Signing a Will in New York
Anyone over the age of 18 and of sound mind may make a will in New York. New York statutes require the writer of a will to sign it or acknowledge his signature in the presence of two witnesses, both of whom must also sign. According to Section 3-2.1 of the New York Code, the witnesses should sign the will and add their addresses within a 30 day period. If the writer of the will is unable to sign himself – for example, if he is disabled – he may instruct another person to sign on his behalf.
When a person dies, the law requires that his will be submitted to probate at the New York Surrogate’s Court. The witnesses should complete affidavits certifying that as far as they were aware, the deceased was of sound mind when he signed. Problems may arise if the will was written a long time prior to probate and the witnesses are no longer residents in the state or are, perhaps, themselves deceased. To avoid these issues, the person writing the will can make it self-proving at the time of signing.

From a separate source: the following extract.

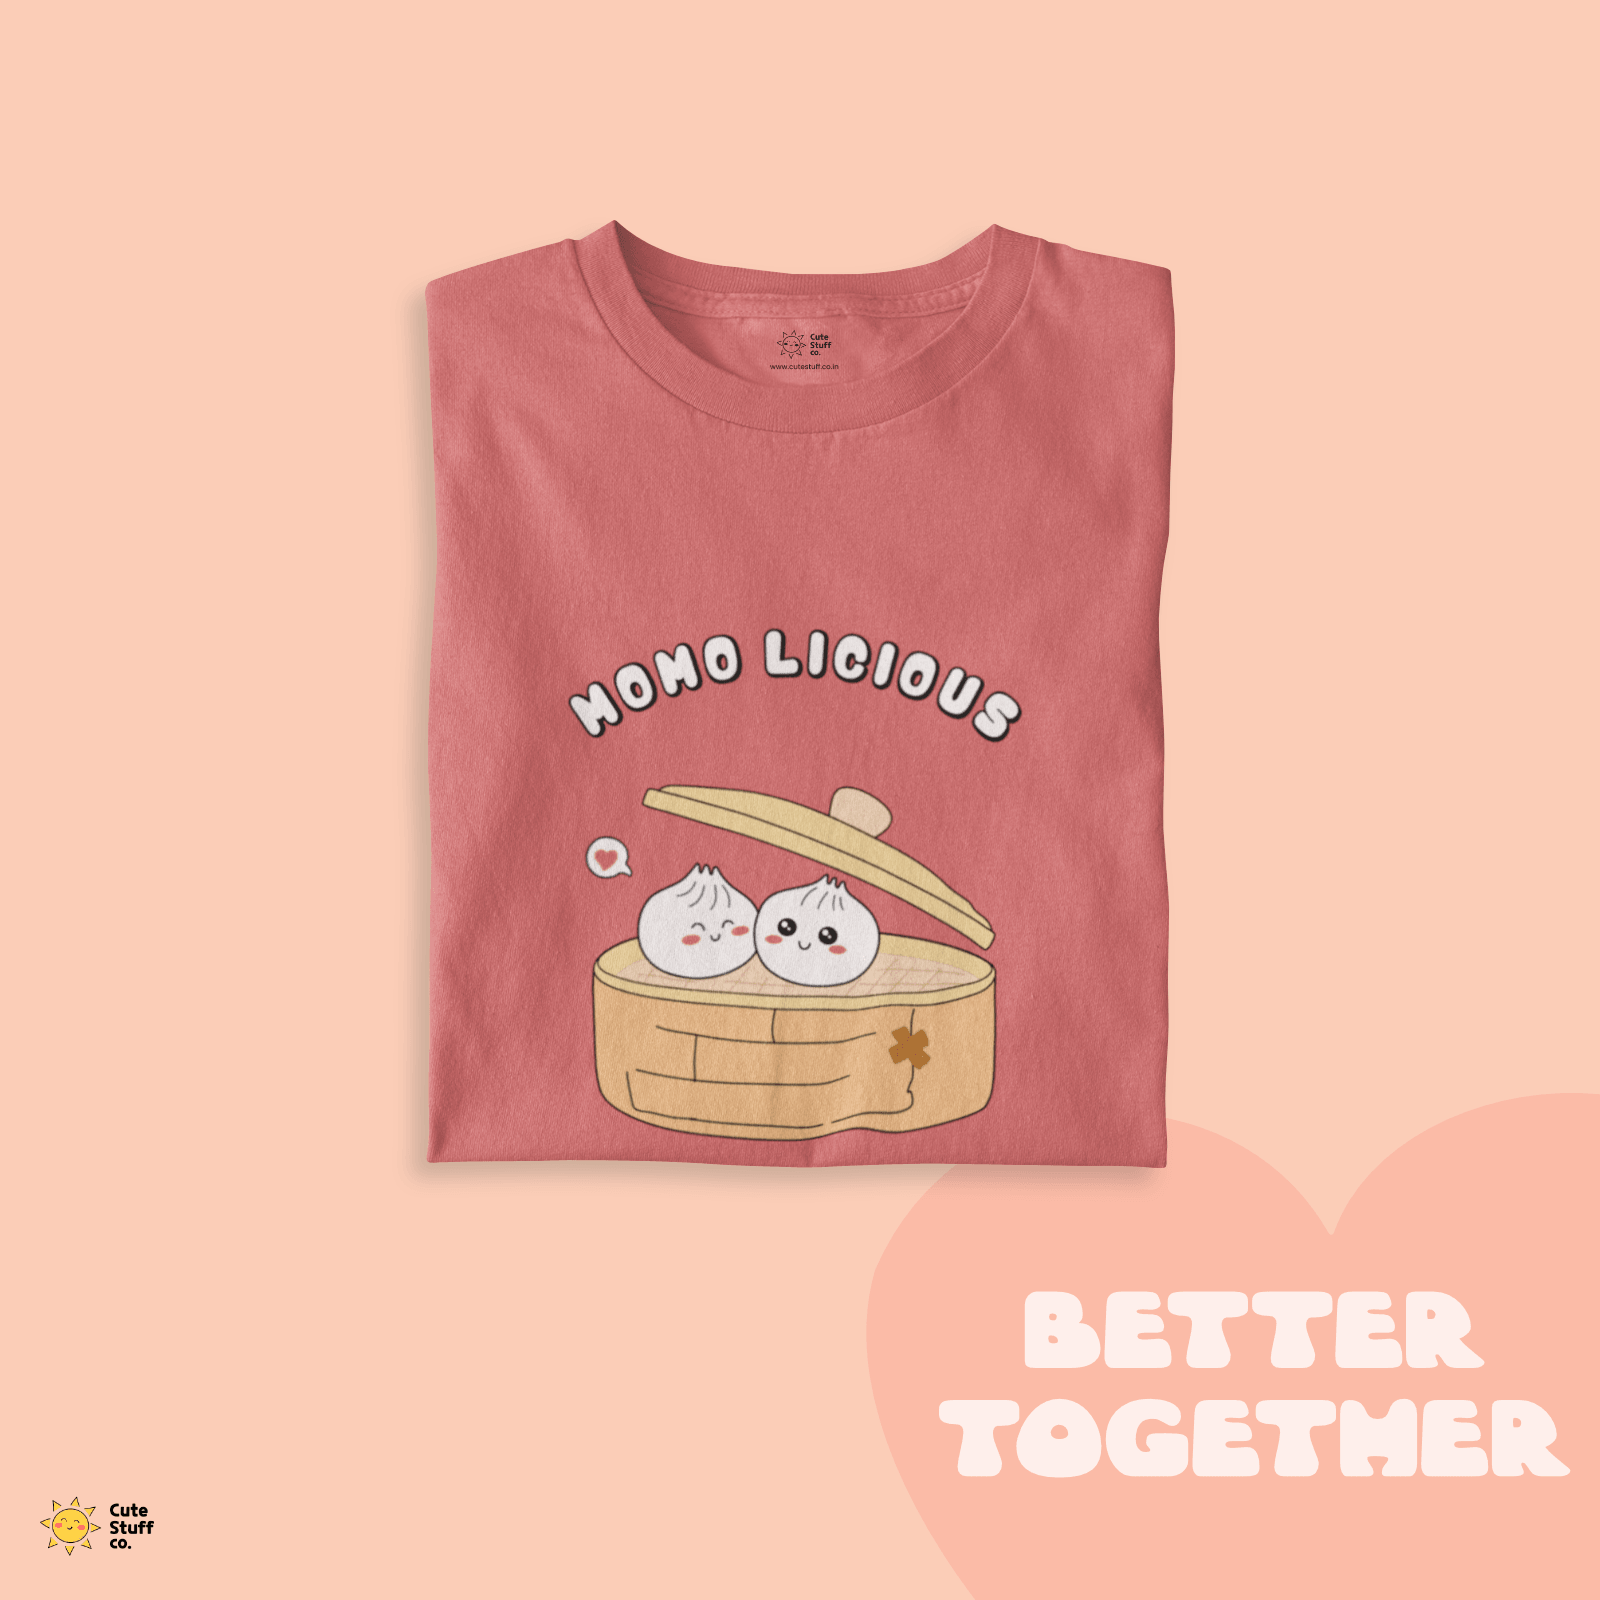 Momo licious Unisex Oversized T-shirts - Better Together - Cute Stuff India
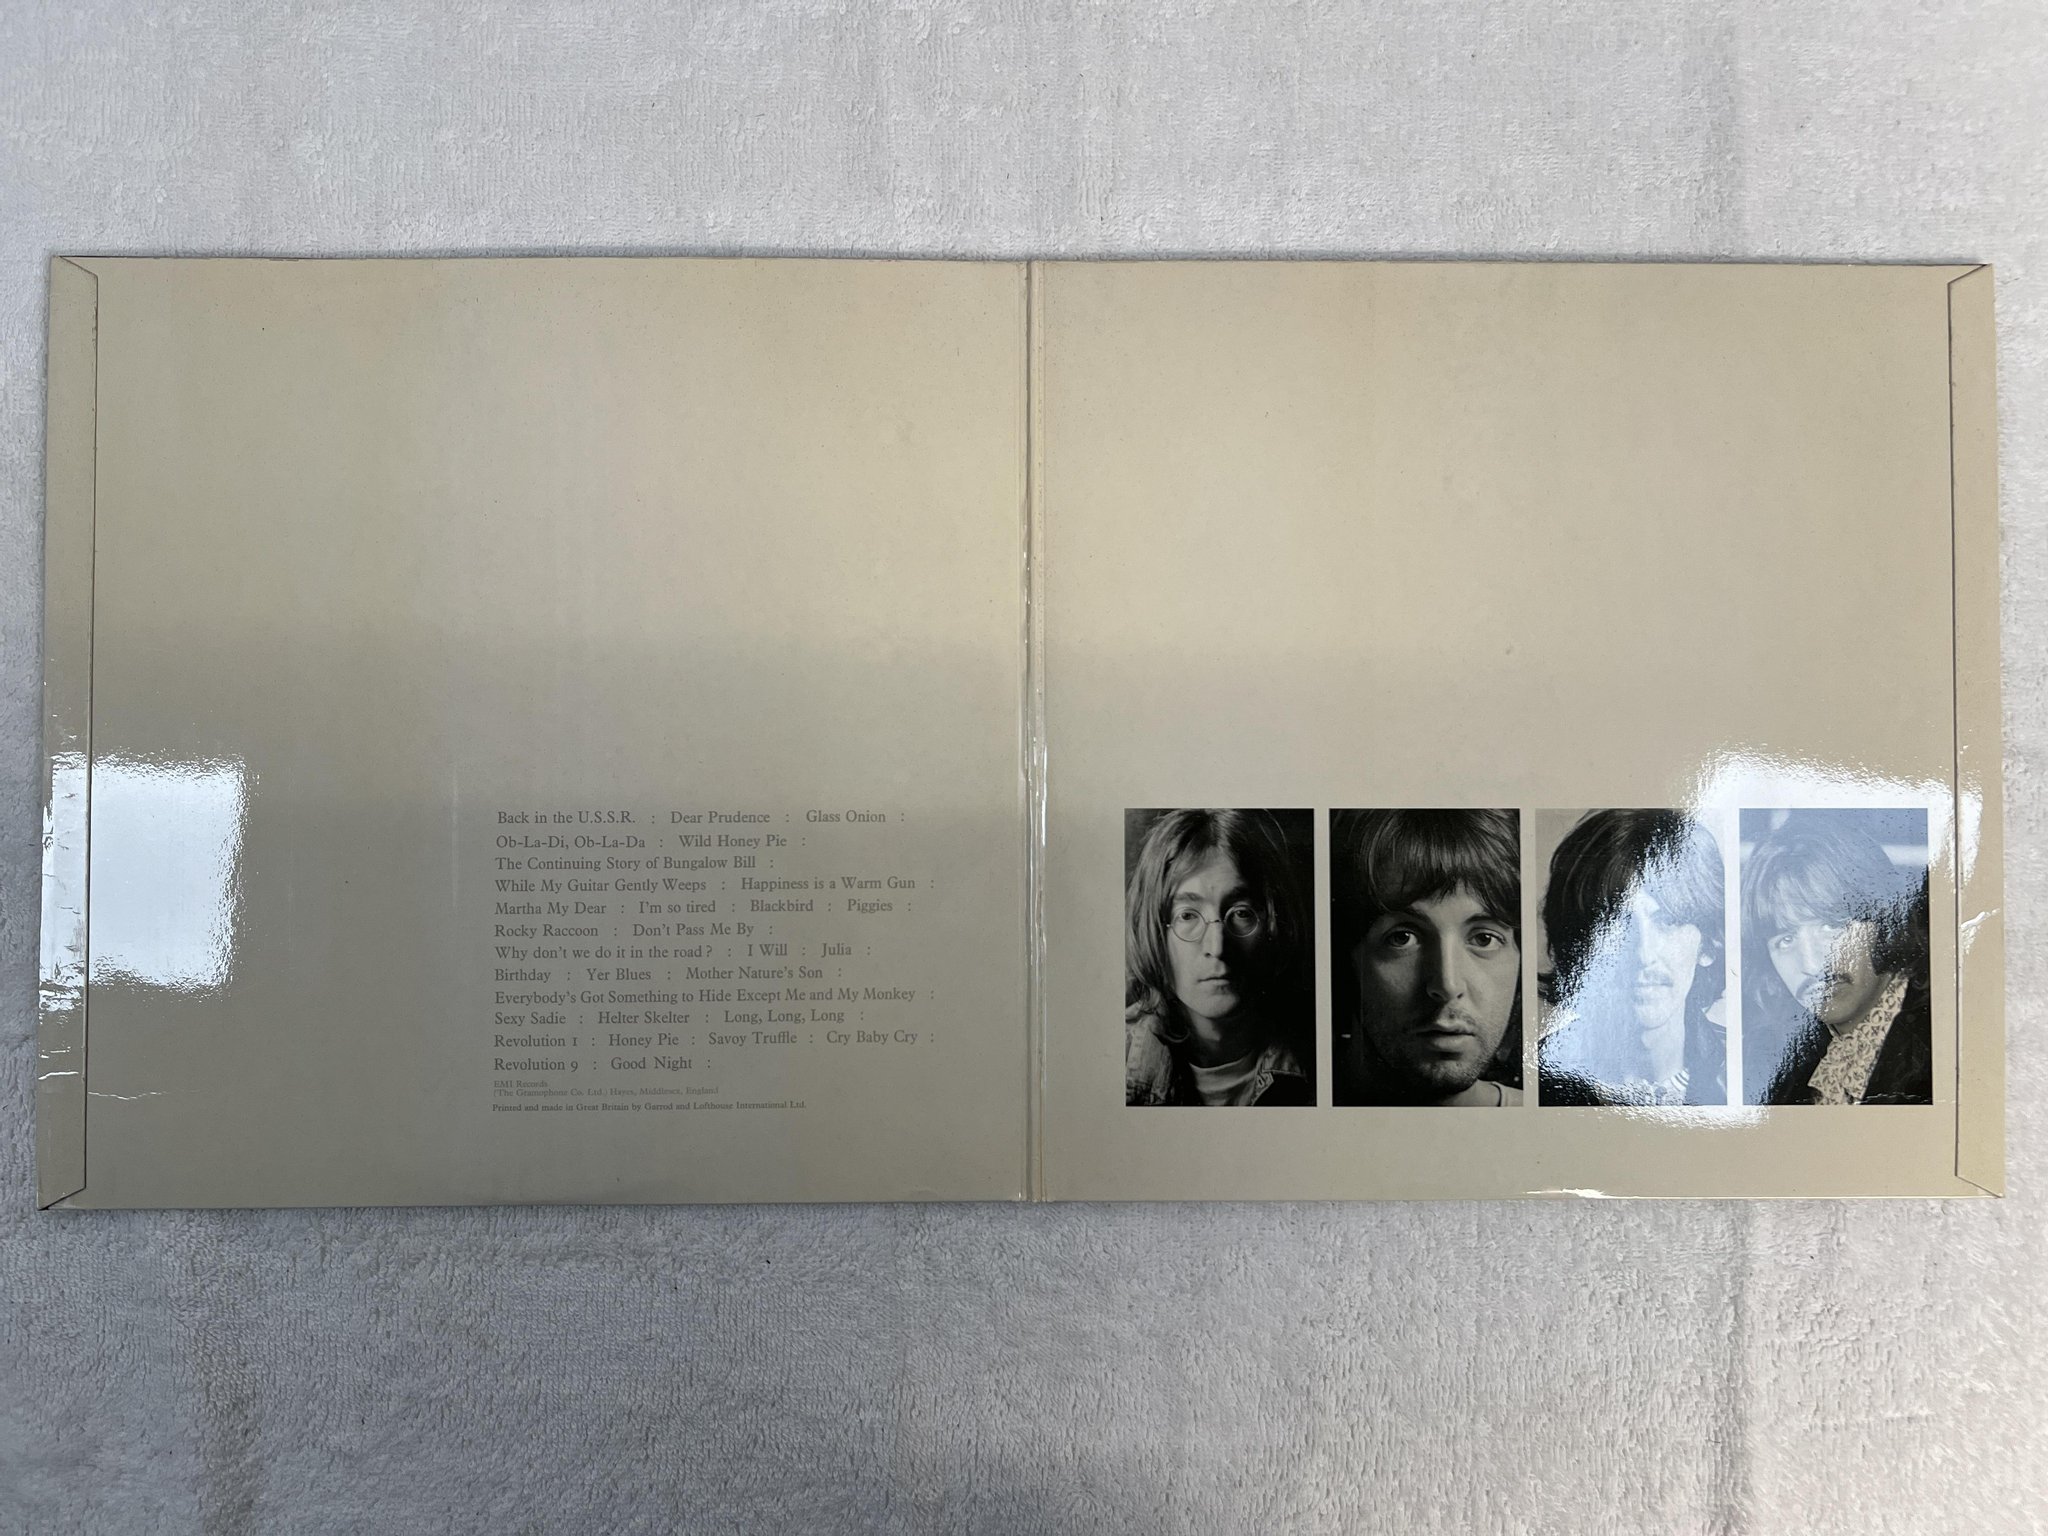 Omslagsbild för skivan THE BEATLES white album 2xLP -68 UK PCS 7067/68 *** complete copy ***

Self-Proving a Will in New York
Section 1406 of the New York Code states that either or both witnesses to a will may swear an affidavit before a notary public or an officer authorized to administer oaths, confirming that the writer of the will was in sound mind at the time of signing and was competent to make the will. Any court must accept that affidavit in the future as if it had been made in court, unless someone raises an objection, or the court wishes for any other reason to examine the witnesses in person. The writer of a will can arrange for a self-proving affidavit at any time.
Section 3-2.2 of the New York Code allows members of the armed forces to make oral wills, also known as nuncupative wills. To be valid, at least two witnesses should provide evidence regarding the provisions of the oral will. Nuncupative wills cannot be self-proving, because the probate court will require the statements of the witnesses to attest to the will when the writer dies.